COLLECTED DATA
•••

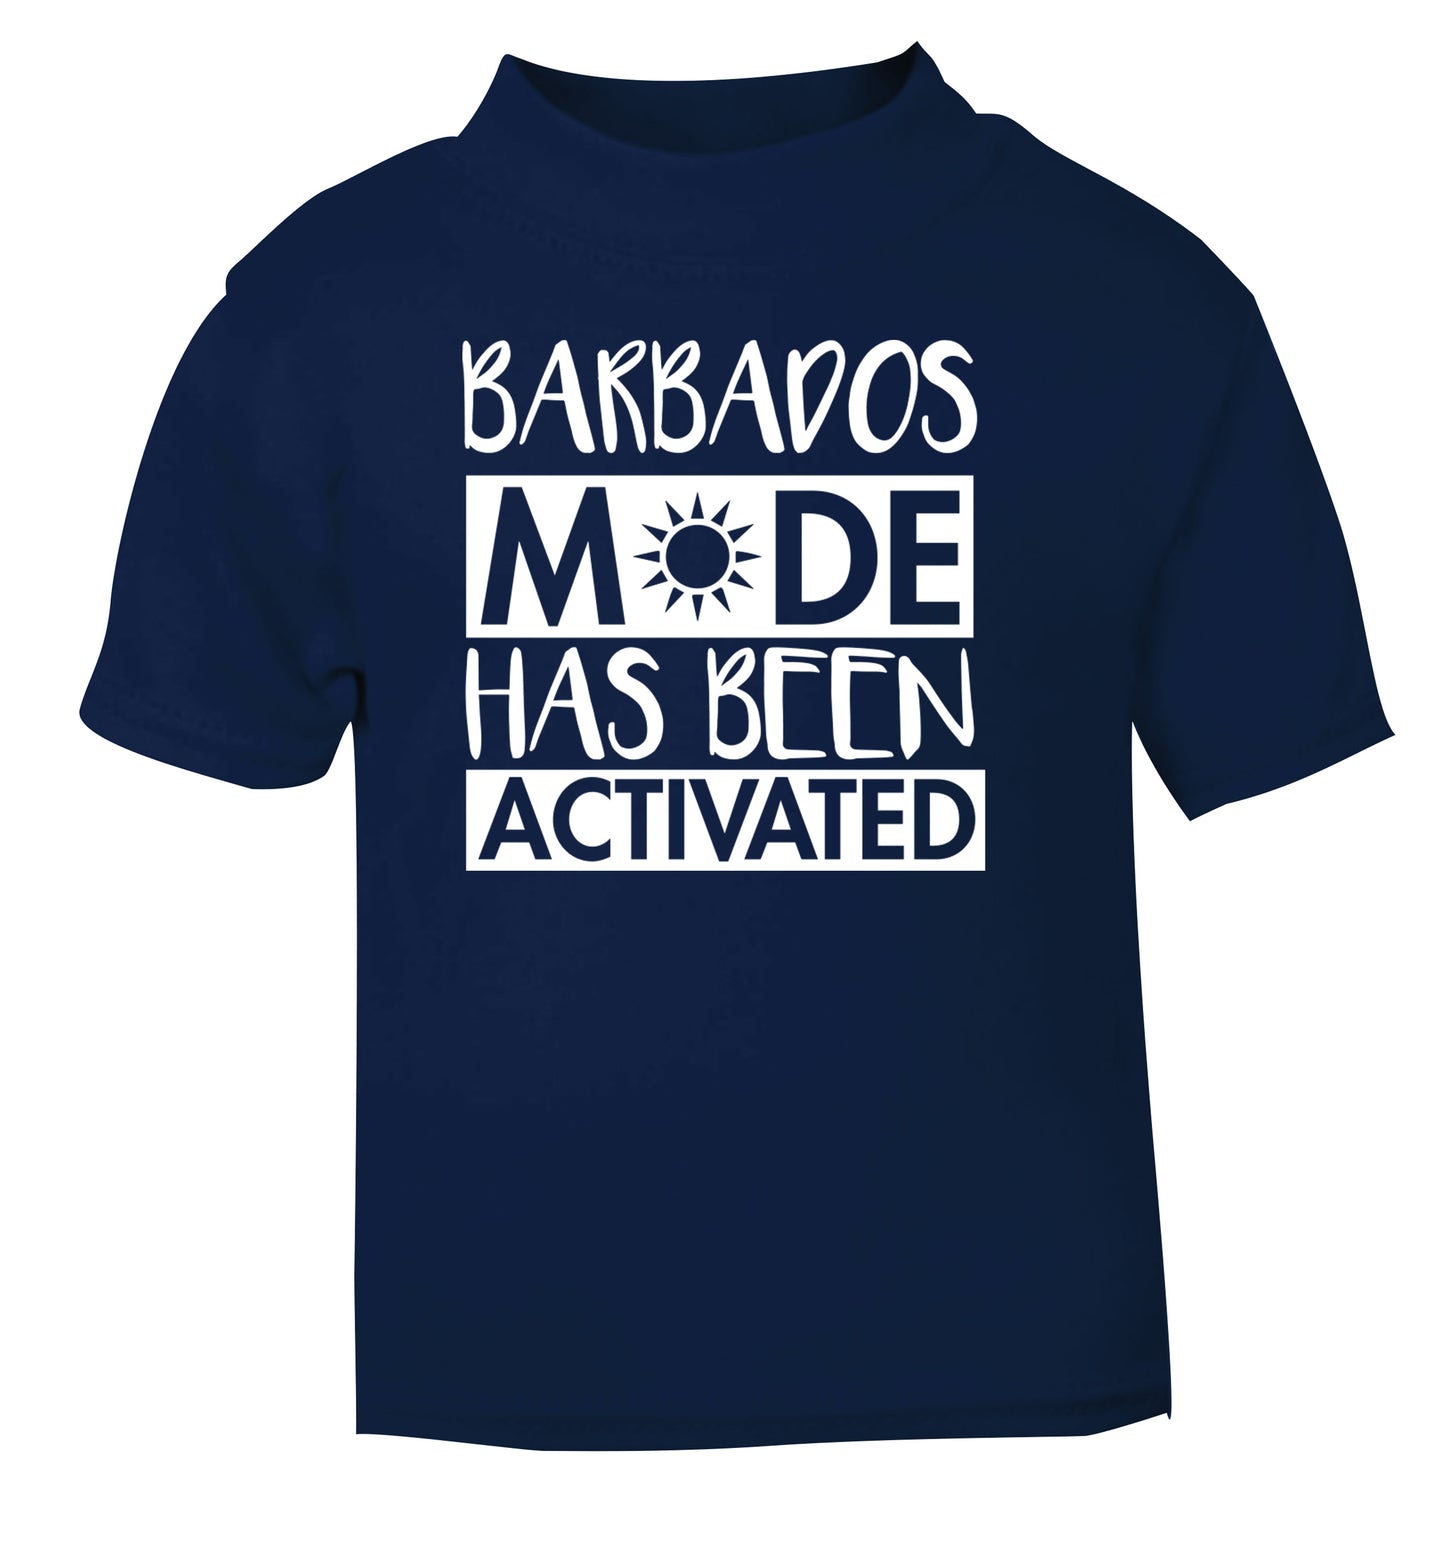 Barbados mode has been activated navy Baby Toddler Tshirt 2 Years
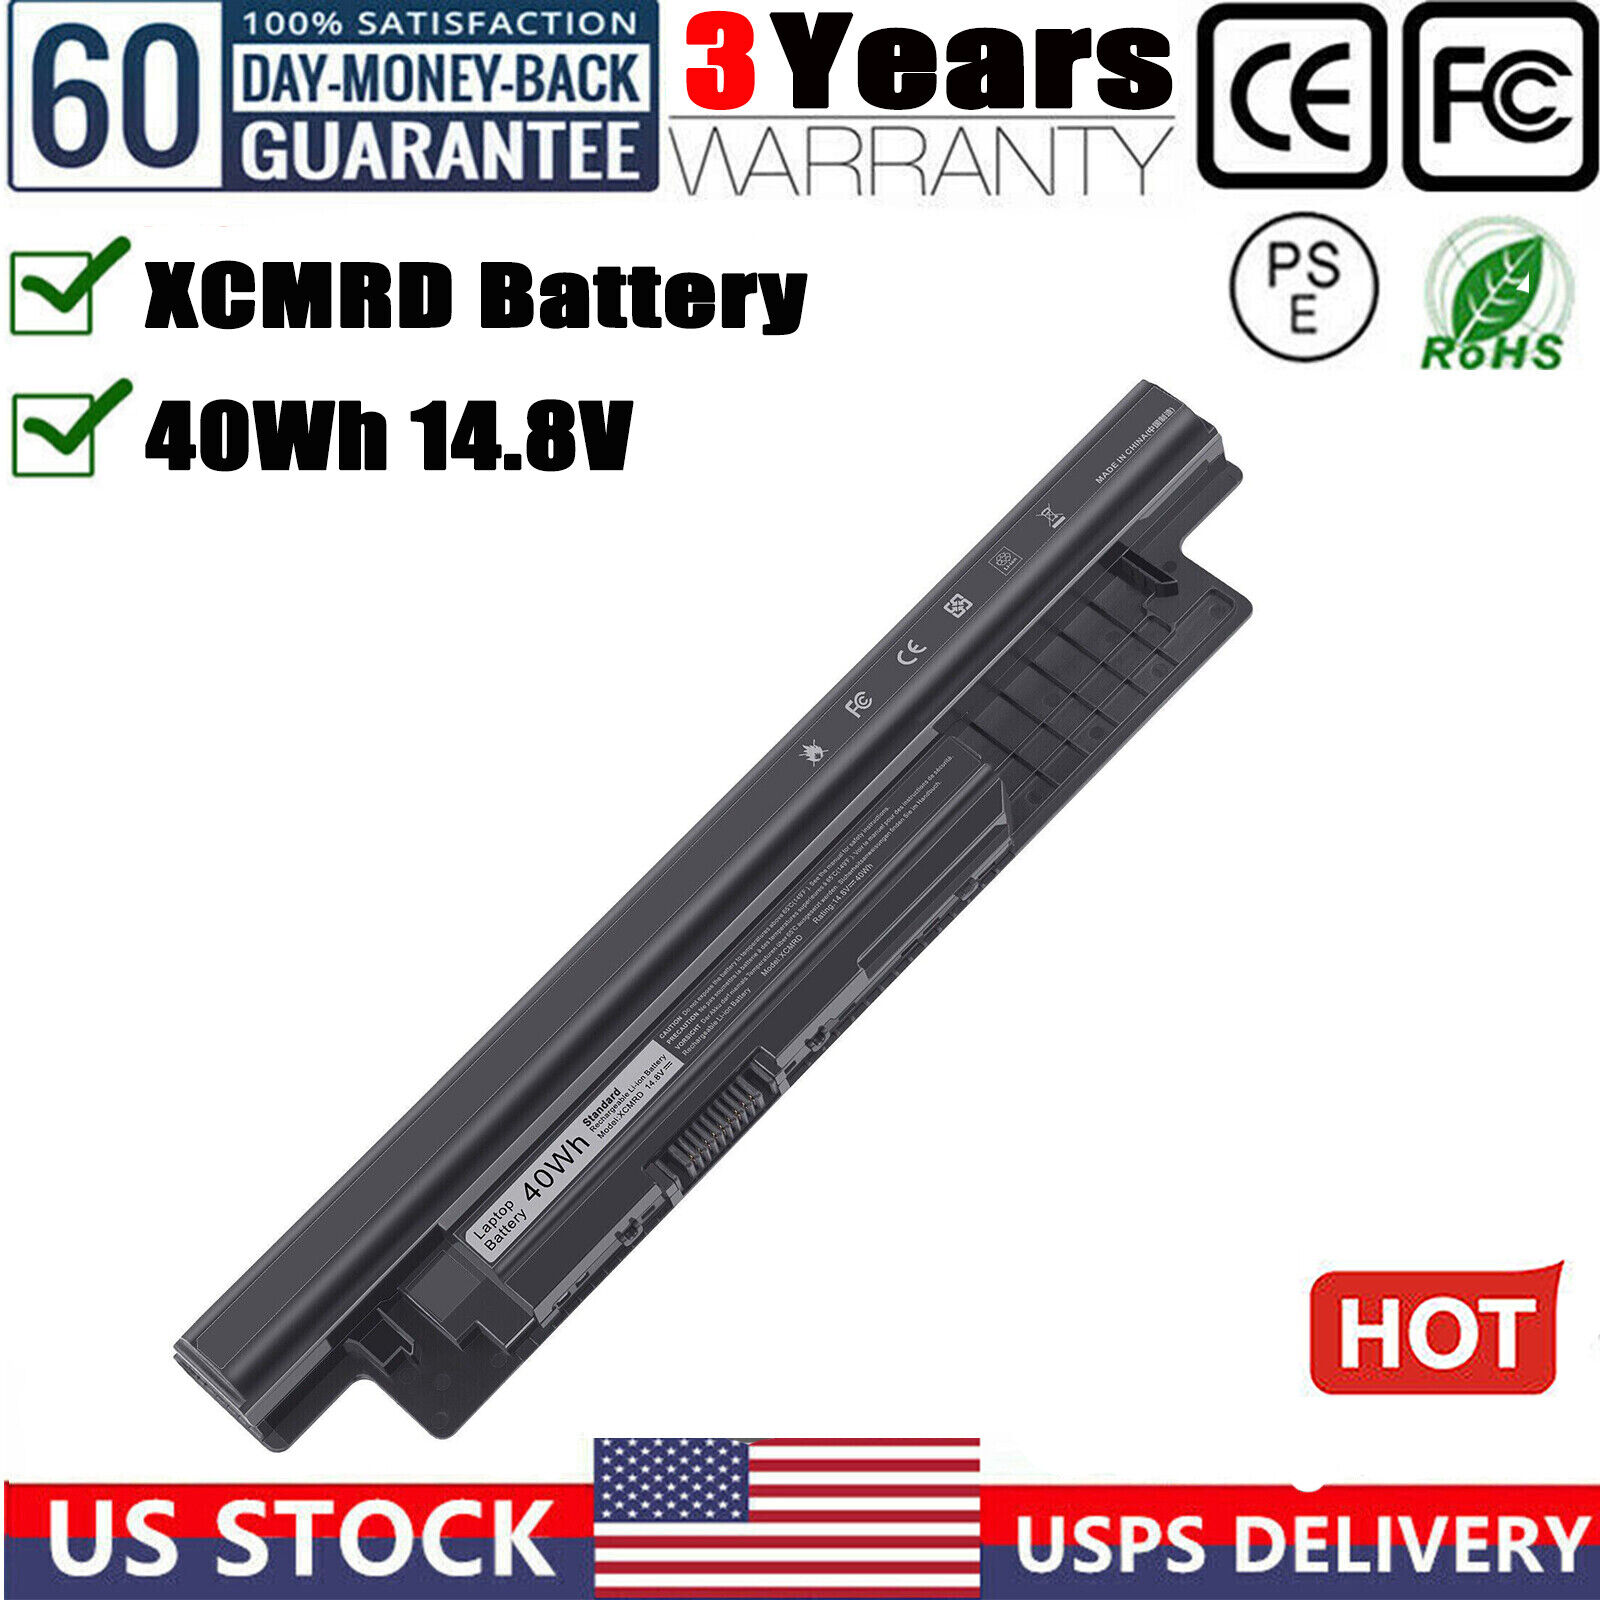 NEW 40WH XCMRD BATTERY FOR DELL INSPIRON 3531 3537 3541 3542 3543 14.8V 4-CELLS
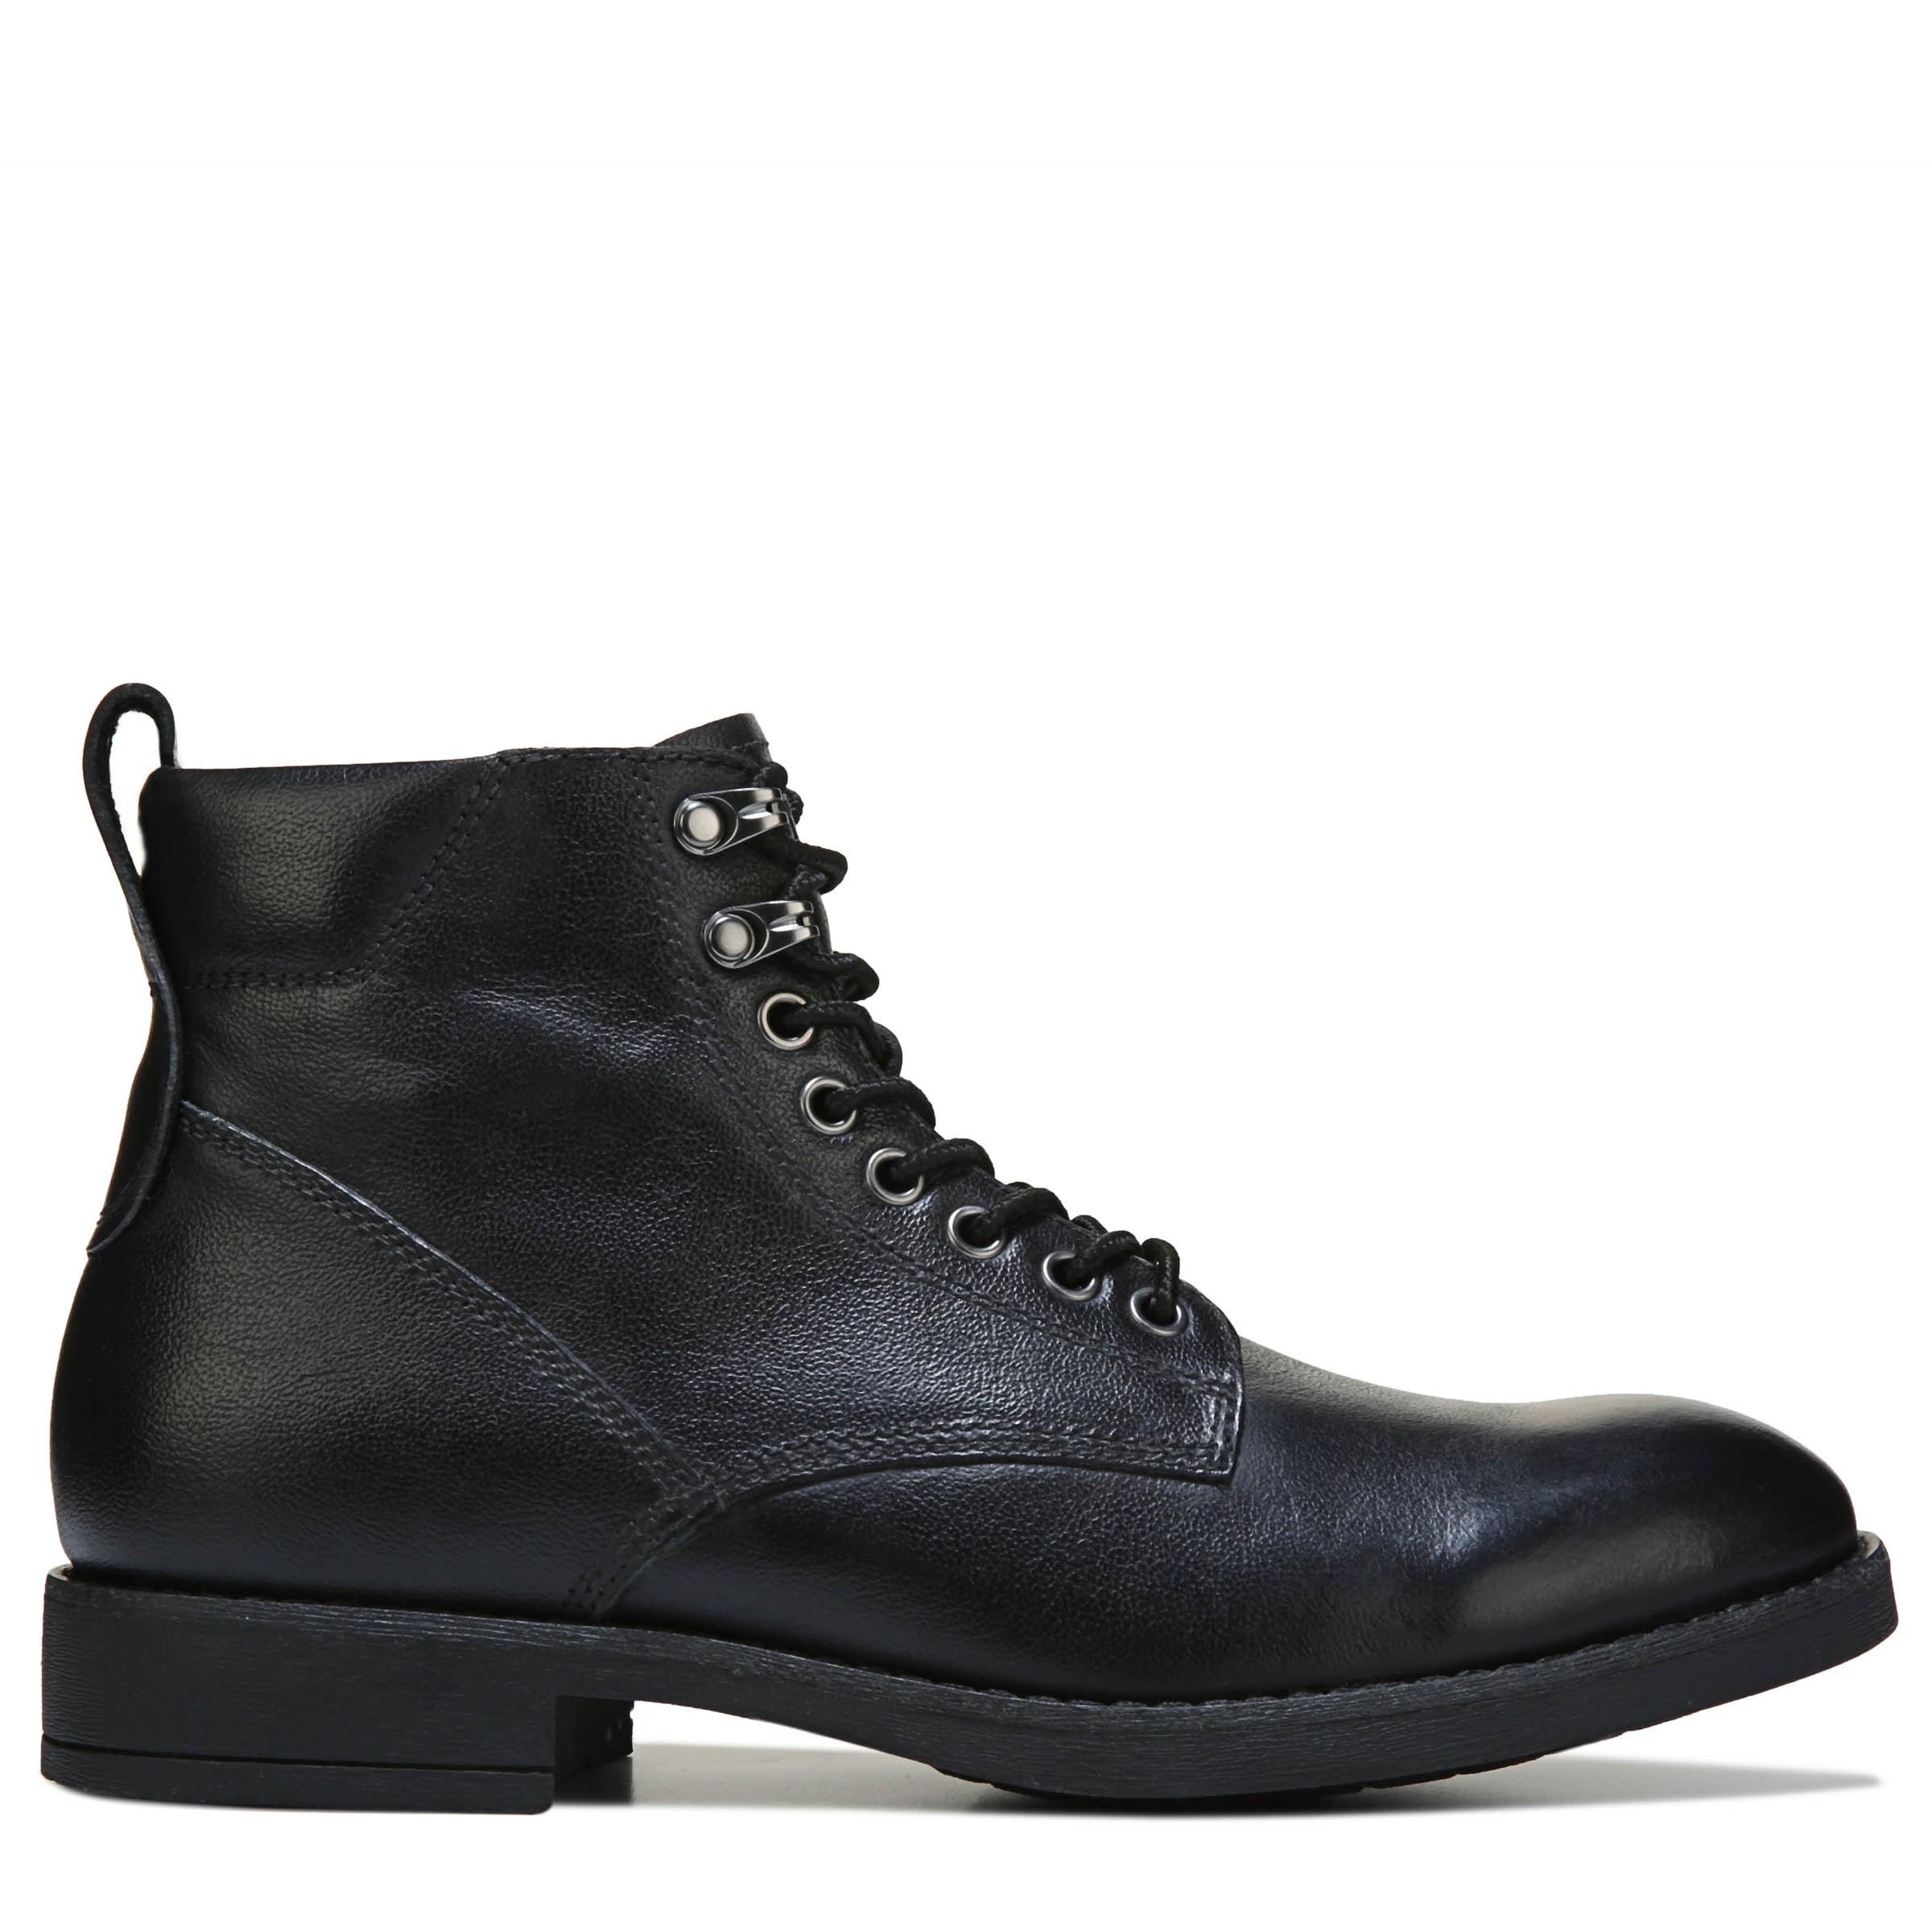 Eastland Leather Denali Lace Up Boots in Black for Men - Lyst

•••

PROBLEM DESCRIPTION
With pictures left out, transcribe each line from the one containing "NEW 40WH XCMRD" through the end of the data, both ends included.

EXERCISE RESPONSE
 NEW 40WH XCMRD BATTERY FOR DELL INSPIRON 3531 3537 3541 3542 3543 14.8V 4-CELLS
 Eastland Leather Denali Lace Up Boots in Black for Men - Lyst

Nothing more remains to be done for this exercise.